Кстати, о собаках. В упряжке нашего радиста есть молодой пес. Когда Васильич вешает на шею бинокль и выходит к собакам, чтобы запрячь нарту, этот пес поднимается и начинает скакать на трех лапах, а четвертую прячет. Лапа была у него ранена в капкане еще год назад… Конечно, Васильич оставляет его и уезжает на нарте, а этого пса отпрягает побегать. Едва нарта скрывается за углом, пес отряхивается и неторопливо отправляется погулять на всех четырех, и даже не хромает. Радисту рассказали об этом, и он однажды запряг и его, несмотря на то что пес скулил и волочил четвертую конечность. Это был очень молодой, сметливый и очень ленивый пес. Он бежал на трех лапах, тормозил, нервировал всю упряжку и непрерывно скулил. Васильич плюнул в сердцах и отпряг его. Пес подождал, когда нарта скроется, встряхнулся и спокойно побежал назад на четырех.

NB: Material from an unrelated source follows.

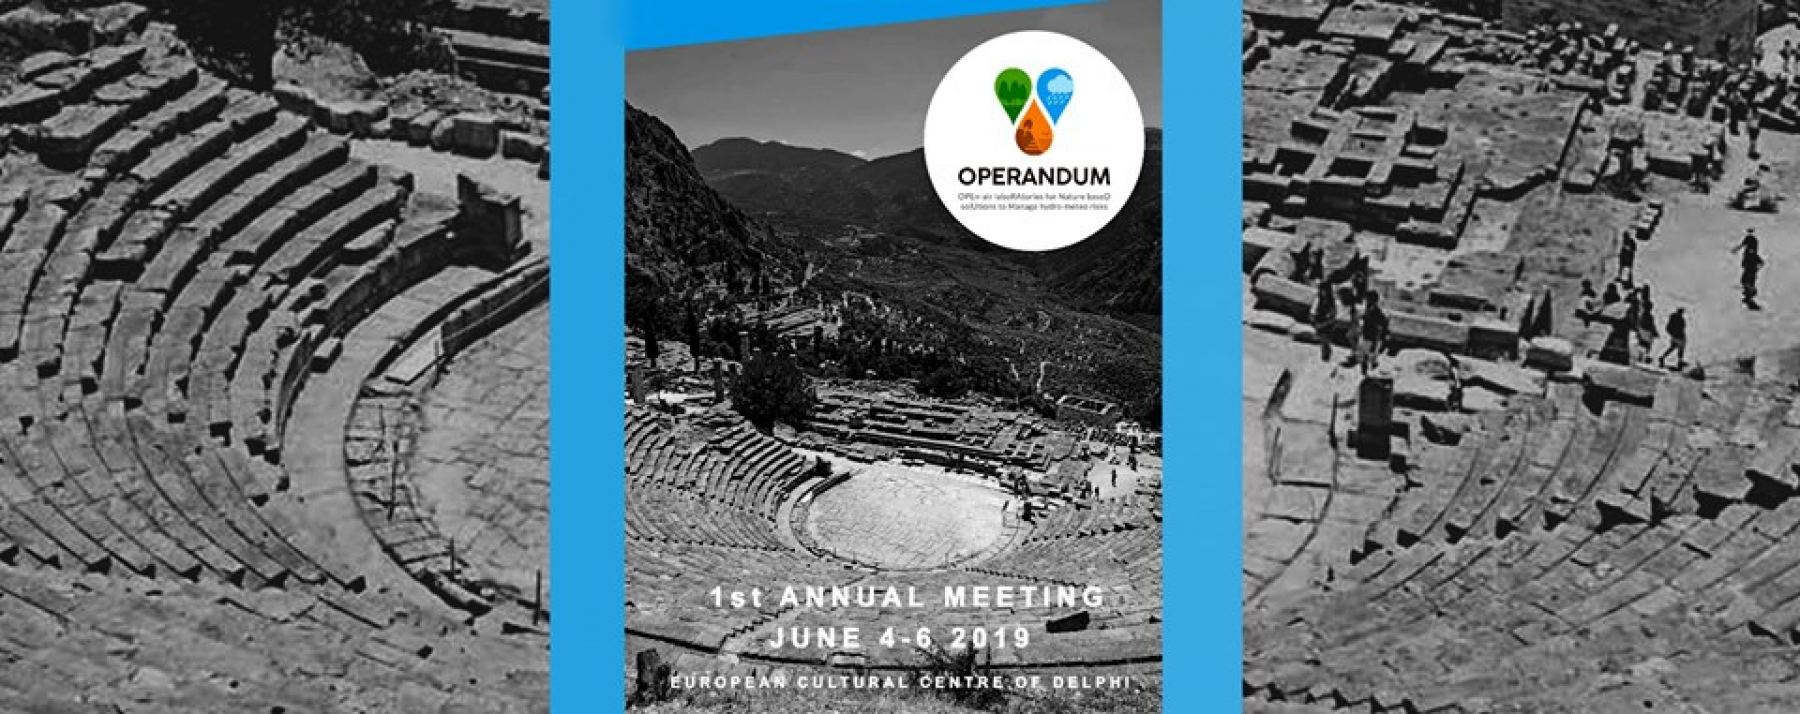 Στους Δελφούς το πρώτο ετήσιο συνέδριο OPERANDUM Project!

— Вот какой у вас пес, — улыбнулась Зоя.

Она дышала мне в щеку, обнимала меня… А пальцы почему-то прохладные… Я чувствовал, как стучало под ладонью ее сердце… Зоино сердце…

— Рассказывай еще, милый.

Когда Женя, Виталькина жена, уехала на материк на операцию, Виталька остался на маяке с двумя детьми. Андрей был дошкольного возраста, а его сестра, которую все звали Лясиком, еще не умела хорошо ходить. Однажды Виталя пришел ко мне, сел, курил и молчал. Он был немного пьян, не очень, но заметно.

— Что там у тебя? — спросил я.

Виталька вздохнул и стряхнул пепел на пол.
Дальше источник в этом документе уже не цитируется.